Image to represent Ply Level Systems

T Garulli ©

A combination of complimentary reinforcing fibres, mixed at the ply level, can drastically effect the composites overall performance. Altering the volume of each component, the way in which they are combined, and the choice of materials can alter the way the composite fails.


Bundle Systems

Many natural hierarchical systems, including wood and bone, exploit fibrous motifs arranged in bundles of bundles. Mimicking natural hierarchical structures is a significant challenge, but one clear design principle is that reinforcement over many length scales is effective. This part of the programme will explore how to use different combinations of bundles fibres to maximise compression performance, again using quantitative computational methods to design target architectures. These bundled systems allow a greater control of alignment, which is known to be very important in compression, whilst allowing spatial modulation of fibre and matrix properties. These designs will span the length scales between the micro- to millimetre range, but can be built up to form larger structures.

Image to represent Bundle Systems

LR Pickard ©

A close up of pultruded carbon fibre reinforced rods, with each rod containing approximately 1000 carbon fibre filaments. The fibres in these rods are all aligned in the same direction along the rod-axis. These rods can be made in-house or bought commercially and are the starting material used to investigate bundle systems.
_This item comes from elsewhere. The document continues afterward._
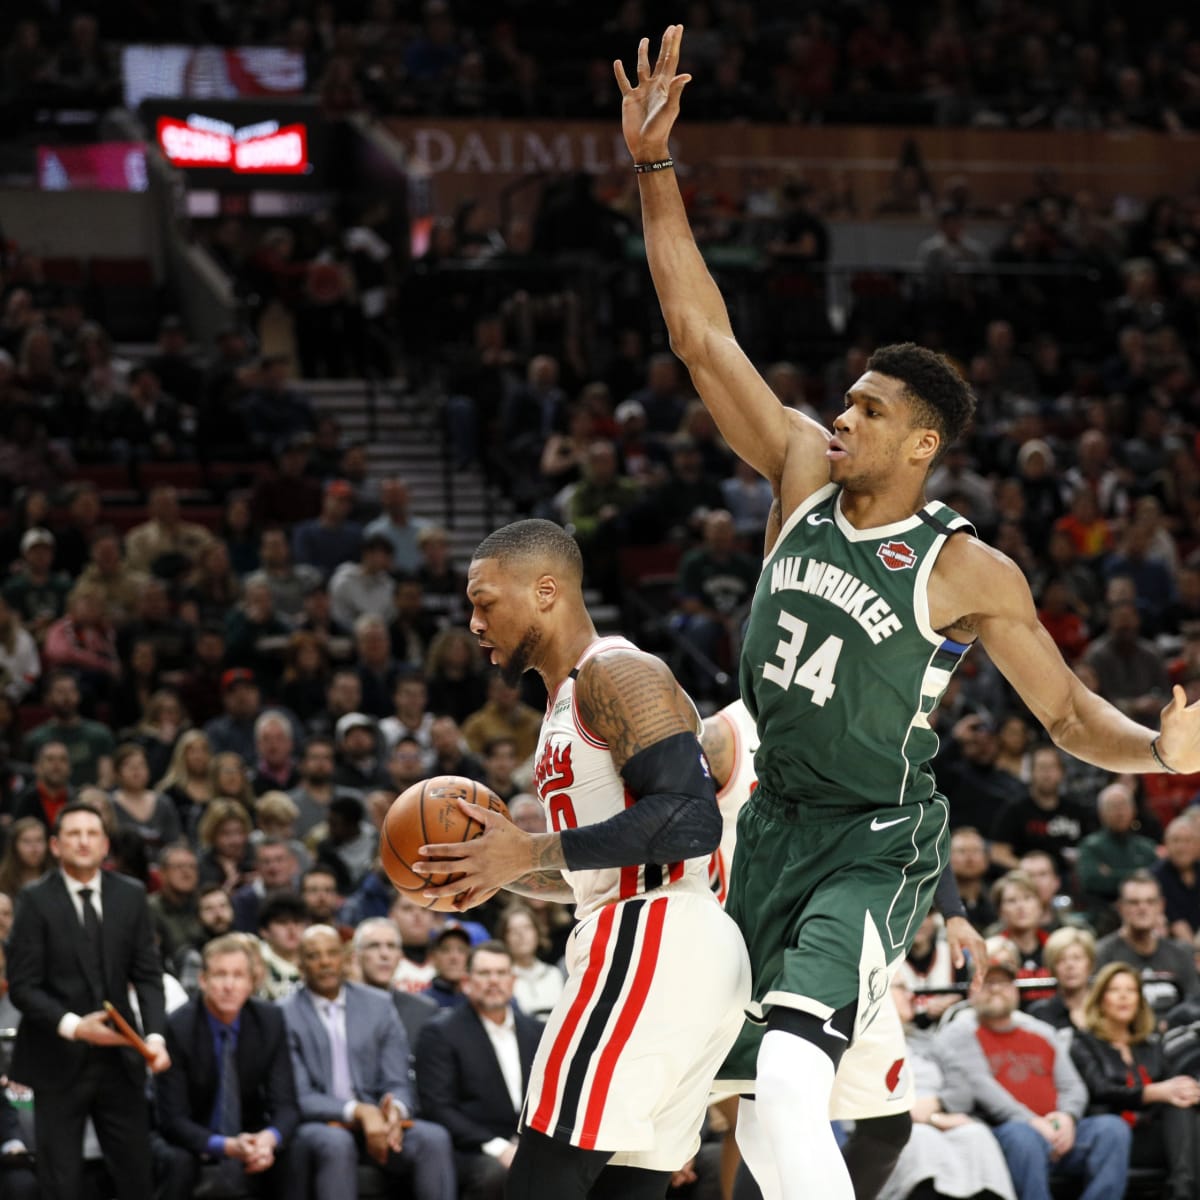 When can the Chicago Bulls pursue Giannis in free agency?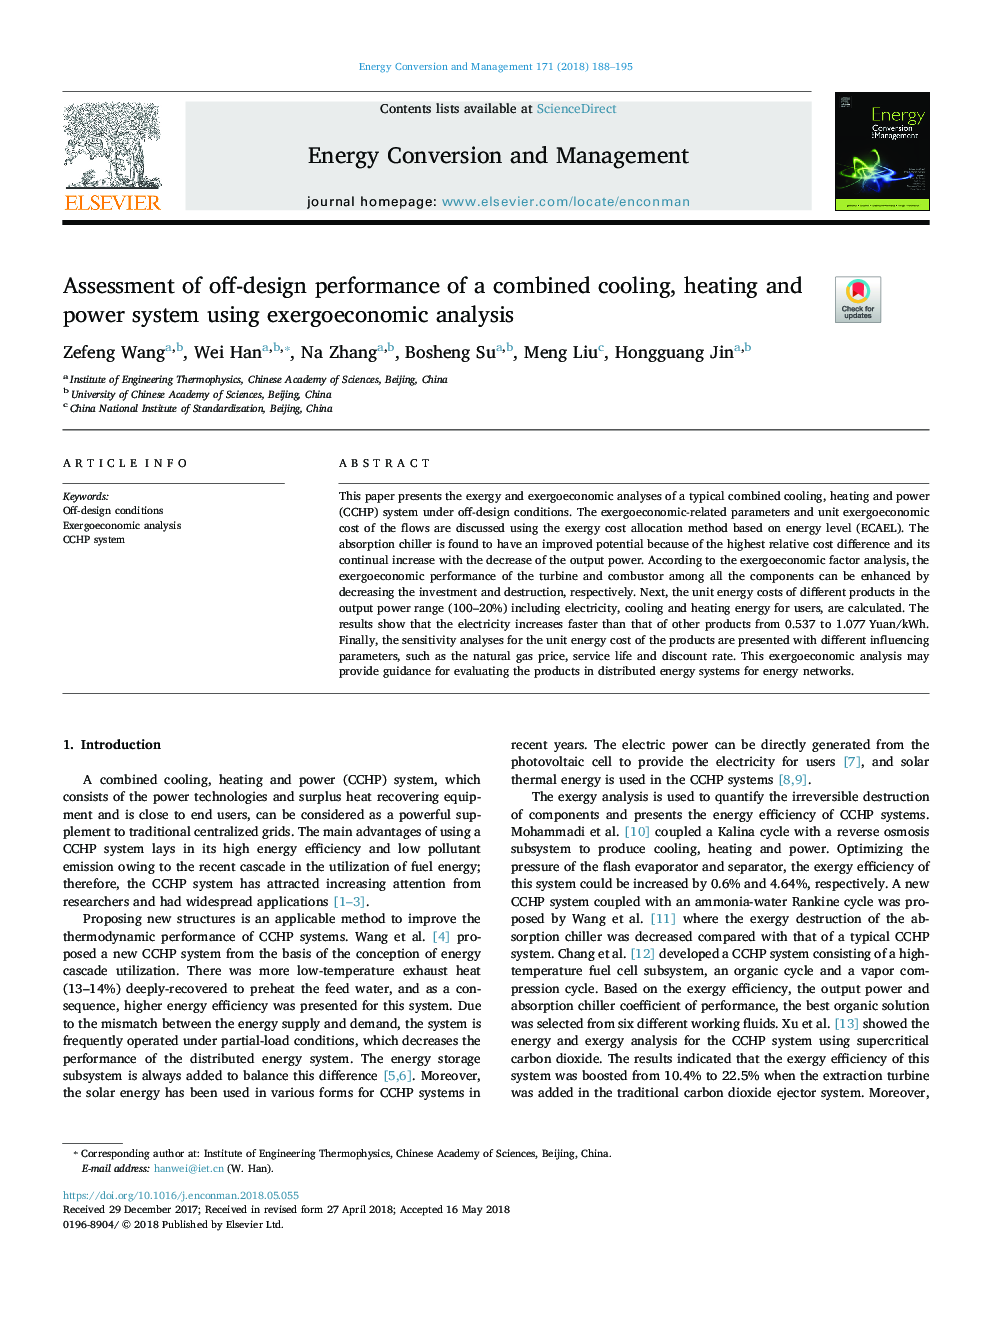 Assessment of off-design performance of a combined cooling, heating and power system using exergoeconomic analysis

In-situ Mechanistic Studies

Computational models are only as good as the information which is supplied to them. The data required go beyond those values commonly reported for matrix, fibres, and their combinations, either in the scientific literature or provided by manufacturers. It is, therefore, essential to measure the relevant material parameters, experimentally. In fact, surprisingly, many of the key parameters are not generally measured at all. In such cases, new experimental methods will need to be designed to evaluate these material properties in practical ways, which still represent the conditions of use.

As the project develops new materials and mechanisms to improve compression performance, in-situ observations of the damage that develops under load will help to confirm, understand, and improve implementation.

Image to represent In-situ Mechanistic Studies

GQ Quino ©

Virtual testing allows new jigs and holders, and methods to be evaluated before manufacture. Once designed they can be made in-house to our own specifications and use to accurately determine material properties.